With the song "Voljela sam, voljela" and the album Čežnja (1980), she merged folk and rock music. Her work was not received well by music critics, composers and colleagues. They said her music undermined traditional folk music. However, Čežnja was overwhelmingly accepted by the public, broke many industry records, and sold over a million copies, and the songs in new folk-rock manner attracted listeners who had never before listened to her or folk music.

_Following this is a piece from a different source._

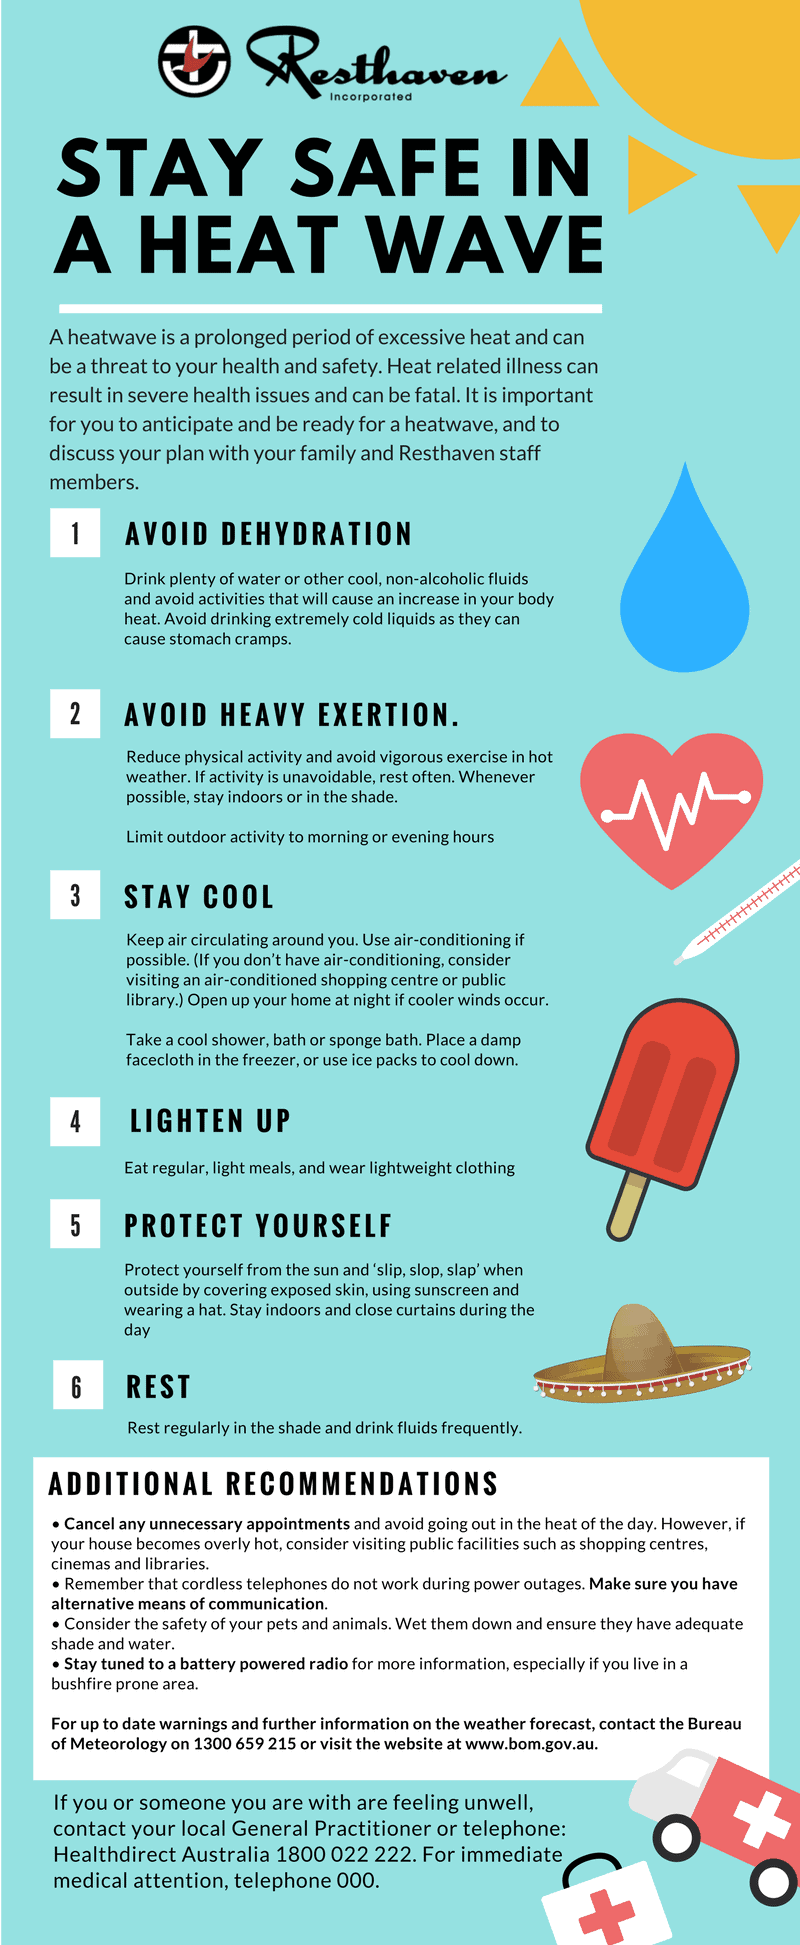 Stay safe in a heatwave

With non-traditional business approach Hanka started attracting the media as well as the public: as the singer promoted the album Čežnja on Opatija festival of music, she also promoted it in Belgrade and had her first solo concert in Dom Sindikata, again musically produced by Nikola Borota – Radovan. Lazar Ristovski was on synthesizers, Džemo Novaković on lead guitar, Sanin Karić was playing bass, two double drum kits were deployed while Ljubiša Pavković and Mico Radovanović were only two traditional instrumentalists present on stage, sharing the lead accordion roles. A tour of Yugoslavia followed, and almost every song from the album became a hit, in particular the songs "Crne kose" (Black Hair), "Zbog tebe" (Because of You), "Čežnja" (Yearning) and "Zbogom" (Farewell).

In 1982, she released the album Sanjam (I’m Dreaming) with Milić Vukašinović as the main songwriter. With this album Milić created his life's work, while Hanka went from a popular singer to a big Yugoslav star. Taking into consideration that her own label "Sarajevo Disk" did not have its own record plant, the album, because of overwhelming demand, was manufactured and distributed by four different companies.

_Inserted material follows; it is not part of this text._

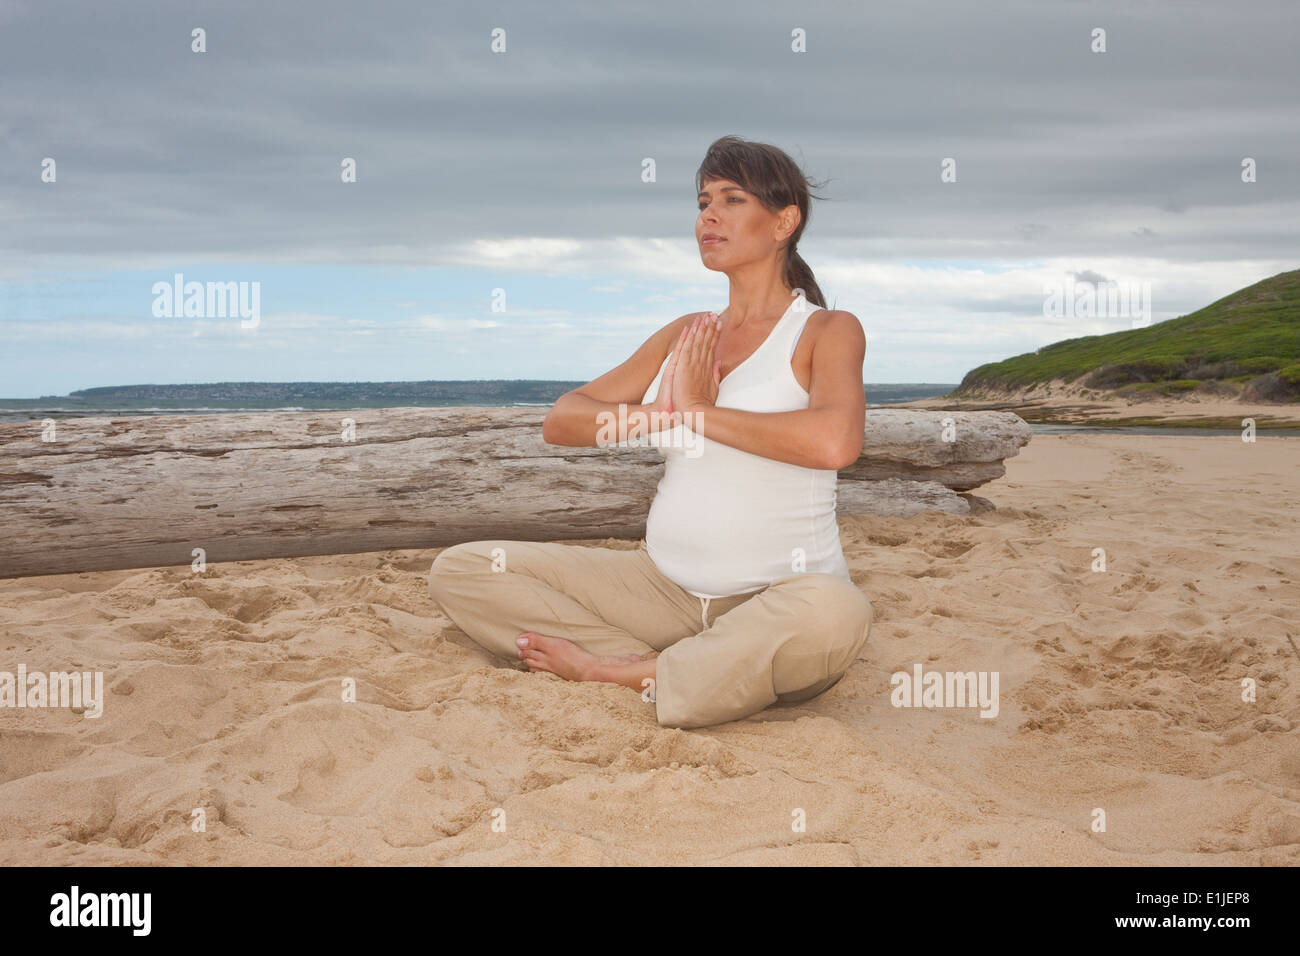 Pregnant mid adult woman practicing yoga on beach Stock Photo

===1983–91: Južni Vetar, touring, and acting===
Hanka started her tour, and for the first time in folk music, held concerts in big sporting arenas across Yugoslavia. In Belgrade's "Dom sindikata" where, in seven days, she held a record-breaking 14 sold-out solo concerts. Similar to her previous studio album, almost every song on the album became a hit, especially the title song "Sanjam" and "Ja te volim" (It's You I Love). Likewise "Ljubav je radost i bol" (Love is Joy and Pain) and "Voljeni moj" (My Beloved). She received a Yugoslavian star award, four Oscars for popularity in a row, a few female artist of the year awards, a gold plaque for humanist award, and won the following festivals: "Ilidža," "Vogošća," "MESAM," and "Poselu" from 202 Radio Belgrade program.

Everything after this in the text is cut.